Retail banks generally serve individuals and small- or medium-sized businesses. A retail bank typically provides a range of basic and essential financial services, such as checking and savings accounts, mortgages, auto loans and other consumer and small-business lending. It also offers services such as cashier's checks, ATM access, credit cards and safe-deposit boxes, as well as investments like certificates of deposit or money market funds. When you go to your local bank branch to deposit checks or break a $100 bill, you're probably going to a retail bank. While the traditional retail bank is an institution with brick-and-mortar branch offices, several now operate exclusively online.
Corporate or "wholesale" banking refers to more complex services available to big companies, other banks, government agencies and large institutions such as colleges, charities or pension funds. These include cash-management services, such as tracking revenue and cash flow. Wholesale banks provide loans, frequently without collateral, or help assemble lenders to provide especially large amounts. They may arrange leases for vehicles and equipment, provide letters of credit or convert currencies.
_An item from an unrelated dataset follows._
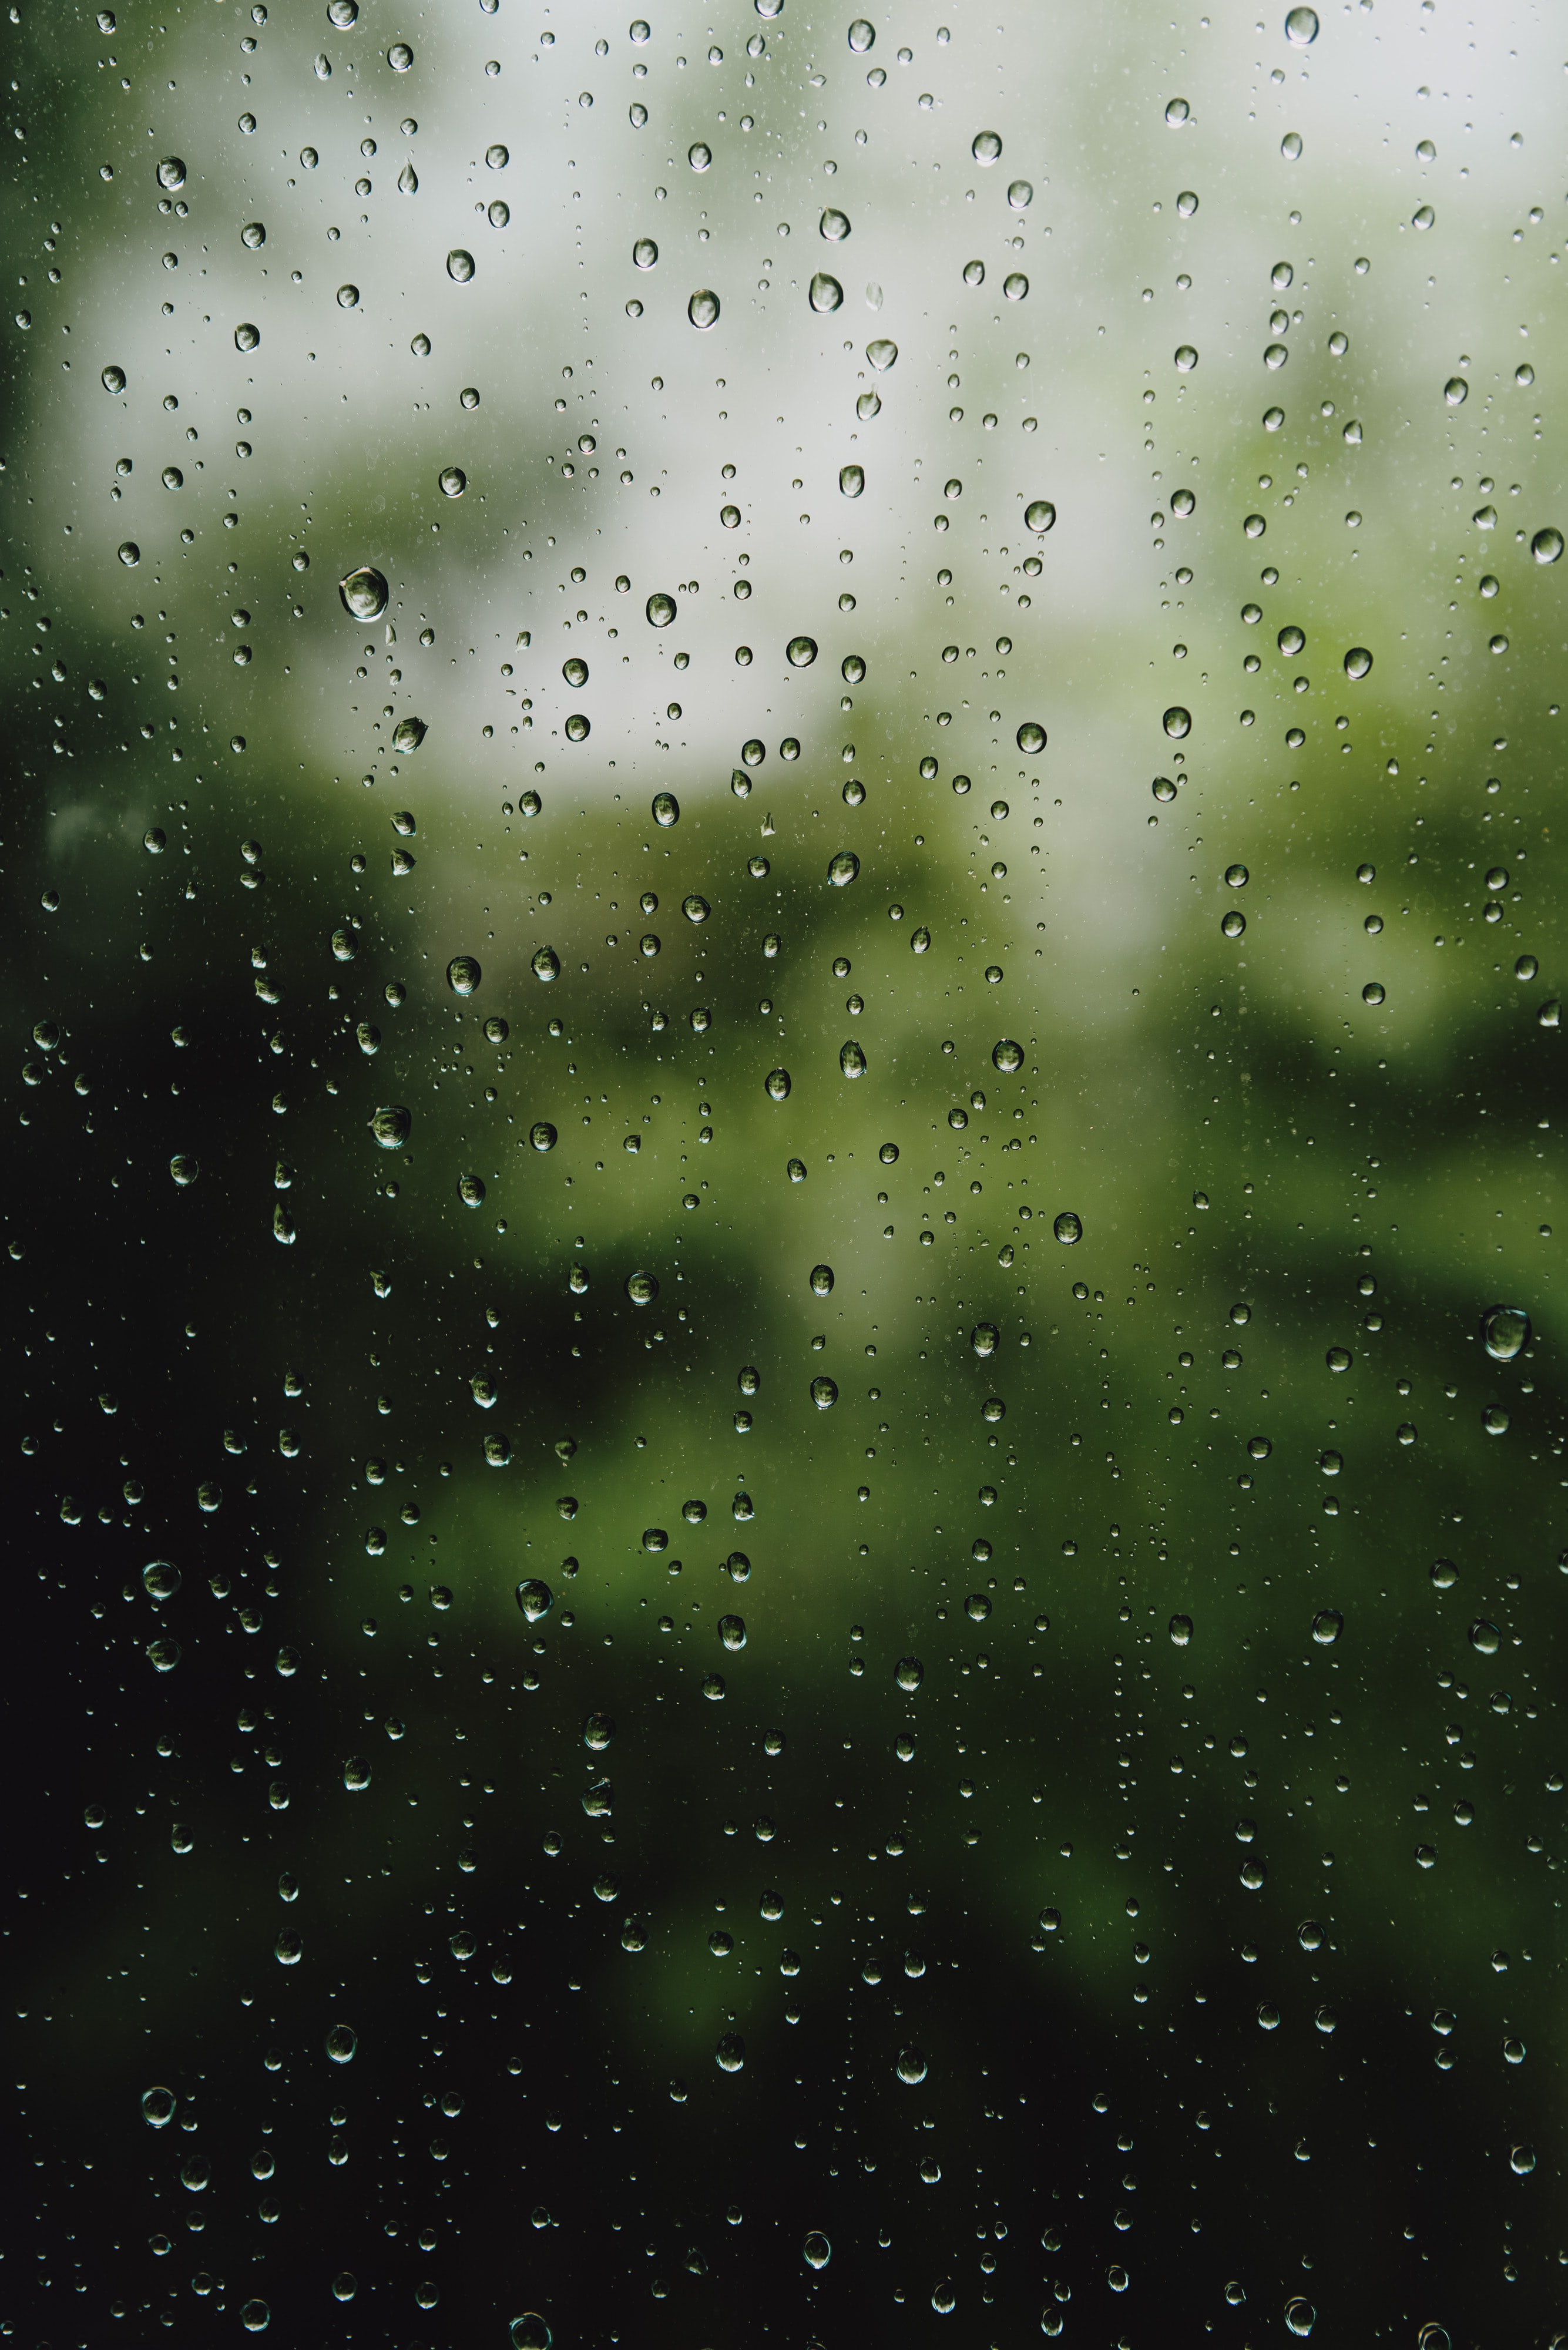 rainy day wallpapers download

Wholesale banks provide their clients with retail-type services, too -- big companies still have to write checks, after all -- but are set up to do so on a much more massive scale. You'll sometimes see wholesale or corporate banking services referred to as commercial banking, though that term is more accurately used to distinguish both retail and wholesale banks from investment banks.
Investment banks work primarily in the capital markets helping companies obtain large-scale financing. This includes corporate underwriting, in which the bank helps a company raise money by issuing stock or selling bonds. The bank gauges the potential demand for such securities and lines up buyers for them. Investment banks also provide consulting and strategic services, assisting with mergers and acquisitions, asset dispositions, corporate restructurings and similar activities. These institutions commonly provide brokerage services and other asset-management functions to their clients as well.
Private banking is a special tier of service offered to wealthy customers. This involves a level of service beyond that offered by the typical retail banking operation. But their needs don't really mesh with the typical offerings of wholesale or investment banks. Private banking includes wealth-management services, investment support and advice, retirement and estate planning, and assistance in such activities as setting up trusts. To gain access to private banking, a depositor generally needs to have at least $500,000 in investable assets, which are funds available for immediate use. Some retail banks offer private banking services, as do some investment banks.